Tuesday, July 29, 2003

The last time I felt that I belonged anywhere or to anything was in 1998. I belonged to a church and felt unconflicted about my involvement; I served on several ministries out of a sense of belonging to that group of people, not out of duty.

I lived in a house with three other women on a tree-lined street, and was able to shape my heart against the rhythm of that house, and had the company of like-minded people, but the autonomy of one who lives alone.

In 1998 I participated in a Bible Study with a group of spiritually sophisticated women who pored over the scriptures and who asked challenging questions, not feeling that we needed to fit into the stereotypical mold of a “women’s group,” sitting around discussing recipes and beauty tips. I experienced God more deeply because of their collective presence in my life.

I had a vision for all of these areas of my life, and a sense of purpose for my place in each of these spheres. I was a contributing member with a specific function. And for the most part, in 1998, I was untroubled by romantic angst. I only had a very pitiful crush on someone I am still convinced I drummed up out of boredom.

My life since that time has been characterized by a pervasive feeling of being out of synch, going against the grain of my desires, and never being able to freely pursue what’s in my heart. I feel held up.

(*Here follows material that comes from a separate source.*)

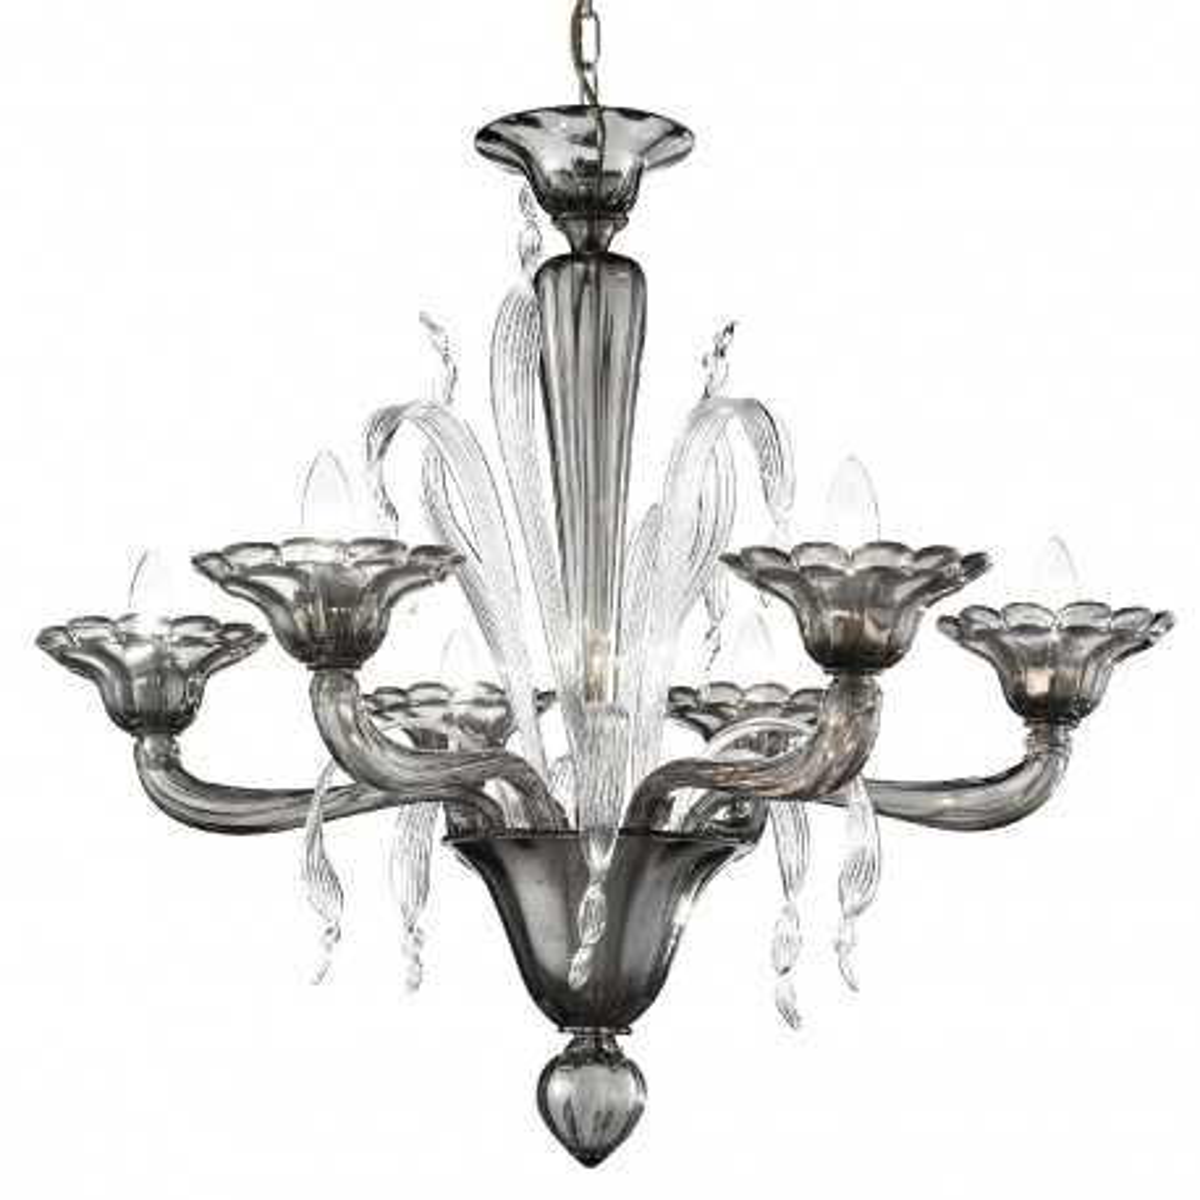 """Nereo"" araña de cristal de Murano - 6 luces - humo y transparente"

Part of what coming back to Baltimore was supposed to be about was coming back home free of that confusion, free of obligations to anything not what I should be doing. It was to be my fresh start.

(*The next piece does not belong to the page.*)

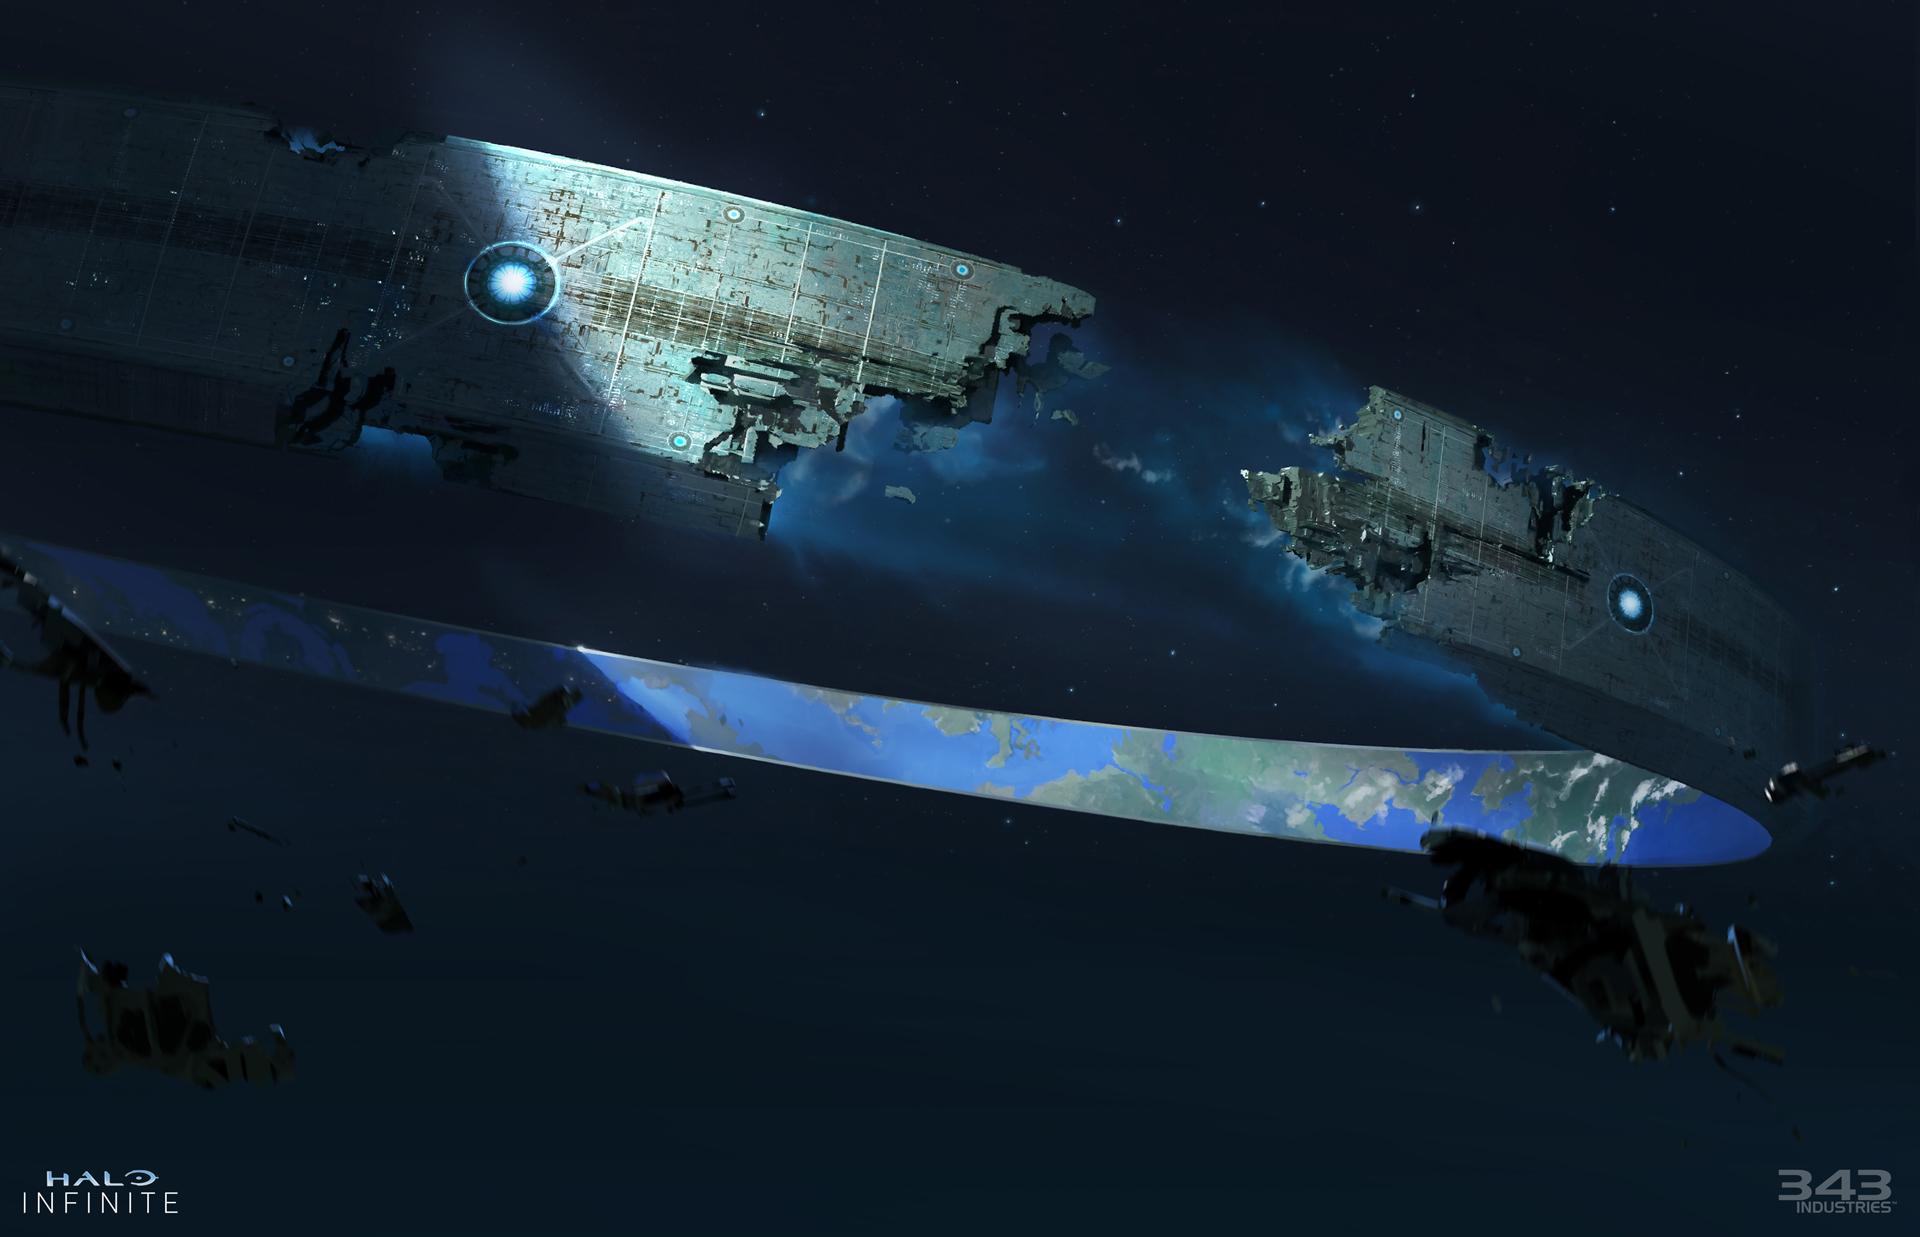 Concept art of a broken Zeta Halo with debris floating in space.

I wanted to find a church where I could give my heart and my time to the other members; I wanted to start cooking again; I wanted to bake bread; I wanted to be awakened by the warmth of the sun on my face on Saturday mornings; I didn’t want to hemmed in or cramped. I wanted to live my life like a Dixie Chicks song; I wanted to cultivate charm, read more, write again, write at all.

At the end of the year, I will be starting my life again, hopefully in a new apartment, with only myself for company. I never want to shape myself against another person’s concept of me, or against another person’s life. I feel panicked and smothered and terrified that if I can’t get this solitude that I need, that I am going to implode.

I feel confused because I don’t have the room to make a move without being asked what I’m doing or what I’m thinking, or without being asked a question. My throat is constricting from having to share my airflow. My back is aching. My stomach is growling. My head is pounding. If I can’t get what I need, I’m going to run, and no one will ever hear from me again. That’s how this feels.